Take the test solution under "2.6", inject 5μL at 0, 4, 8, 12, 16, 20, 24h, record the peak area, and the RSD of the peak area is 0.9%, indicating that the test solution is in 24h Both are stable inside.

  2.8 Recovery rate test

  Accurately weigh an appropriate amount of a sample with a known content of 1.6%, and accurately add 15ml of the emodin reference substance stock solution respectively, and determine according to the above method to calculate the sample recovery rate.

  2.9 Sample measurement

   Take Polygonum cuspidatum medicinal material and determine the content of emodin in the sample according to the above method. The results are shown in Table 2. The reference substance solution and the test substance solution were injected into sva respectively. According to this method, the sample and the reference substance have a corresponding chromatographic peak at the same retention time position.

  3 Discussion

Take the emodin reference substance solution and scan in the wavelength range of 200-400nm. The results show that there are maximum absorption peaks at 219nm, 254nm, and 292nm. Since the absorbance at 254nm is strong and is not interfered by solvent peaks, 254nm is selected As the measurement of the absorption wavelength, it is consistent with the provisions of the "Chinese Pharmacopoeia".

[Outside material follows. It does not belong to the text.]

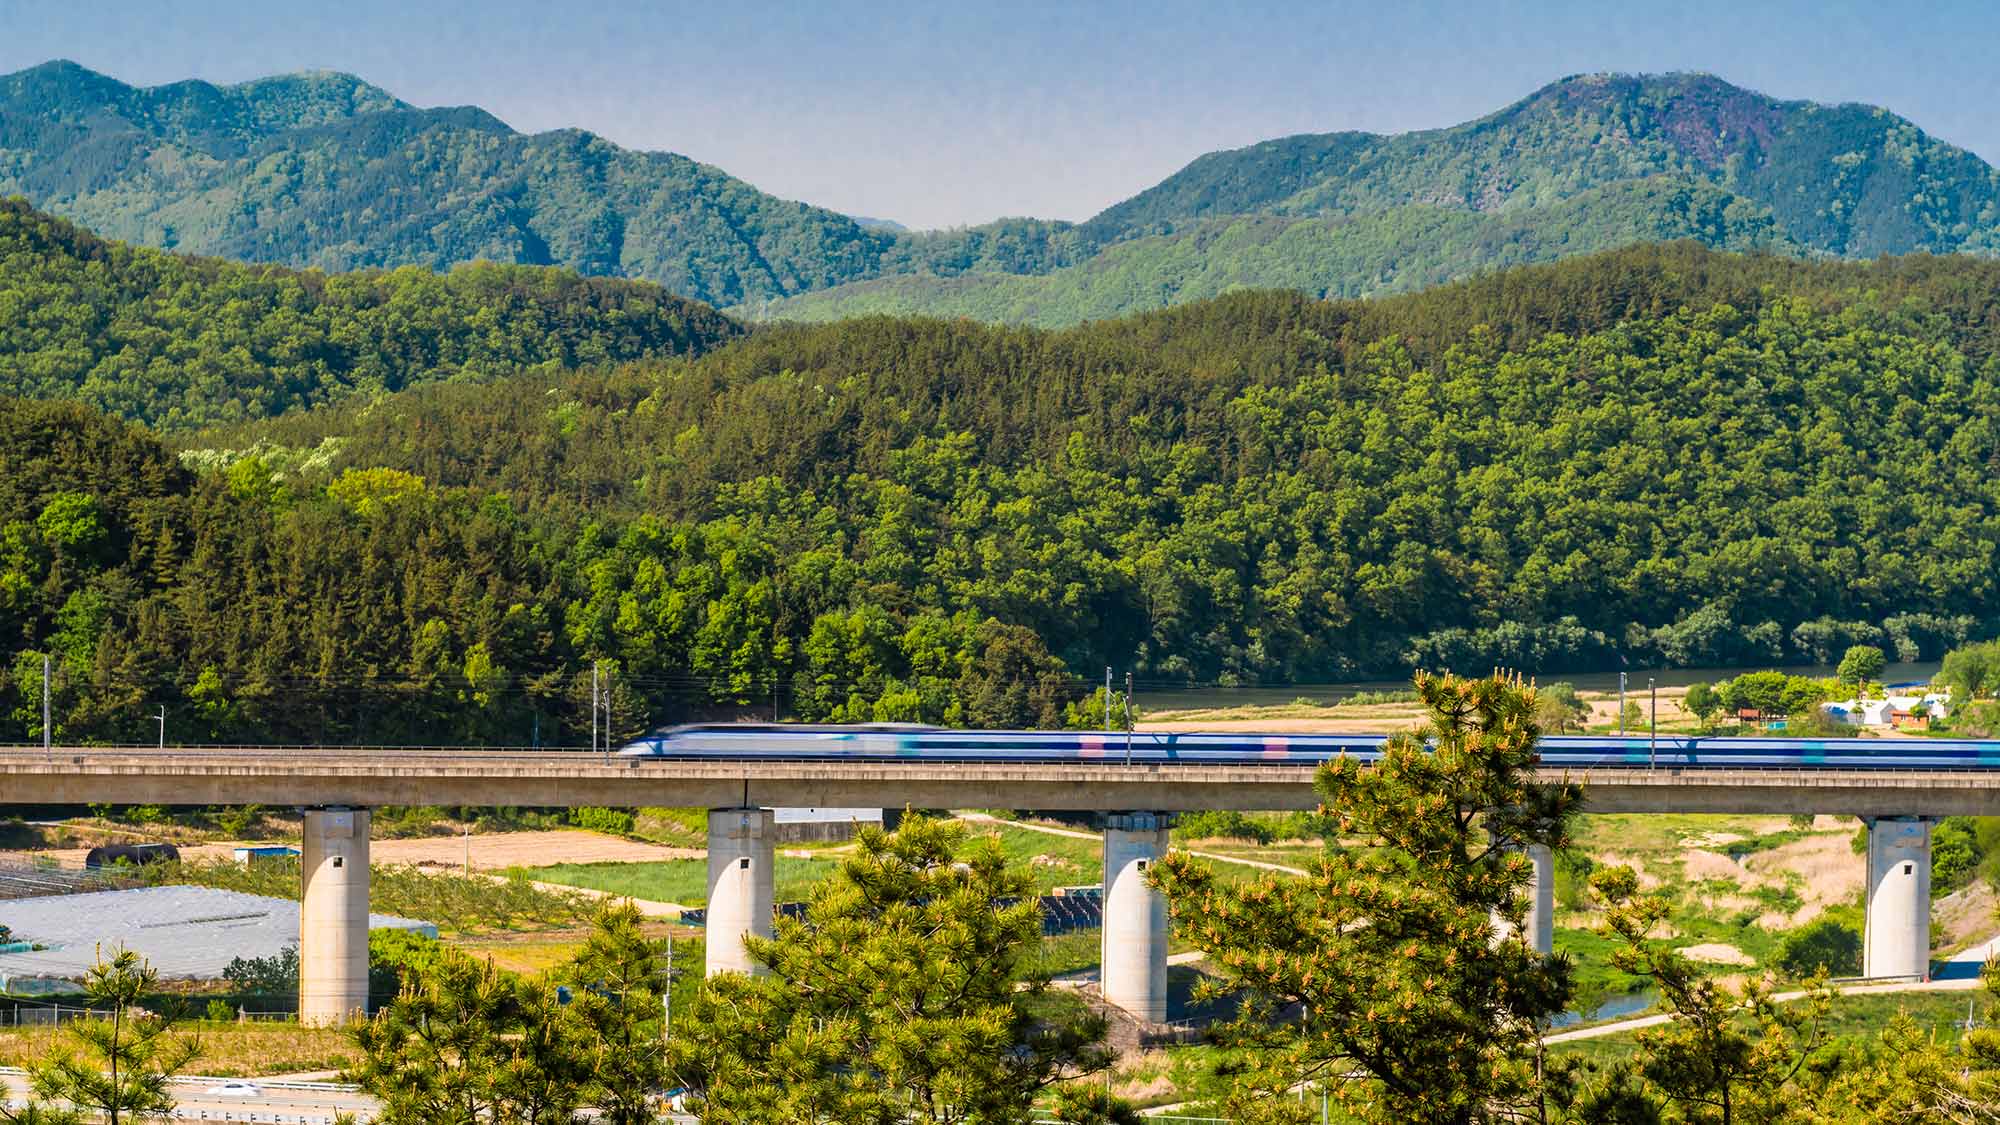 High speed train speeding across concrete railroad bridge in rural countryside

  Experiments have shown that after this product is hydrolyzed and then extracted with chloroform 4 times, the emodin has been basically extracted completely.

  From the test results of linearity, recovery, reproducibility, solution stability, etc., it can be seen that the HPLC method to determine the content of emodin in Polygonum cuspidatum has high accuracy, good reproducibility, and simple and fast operation.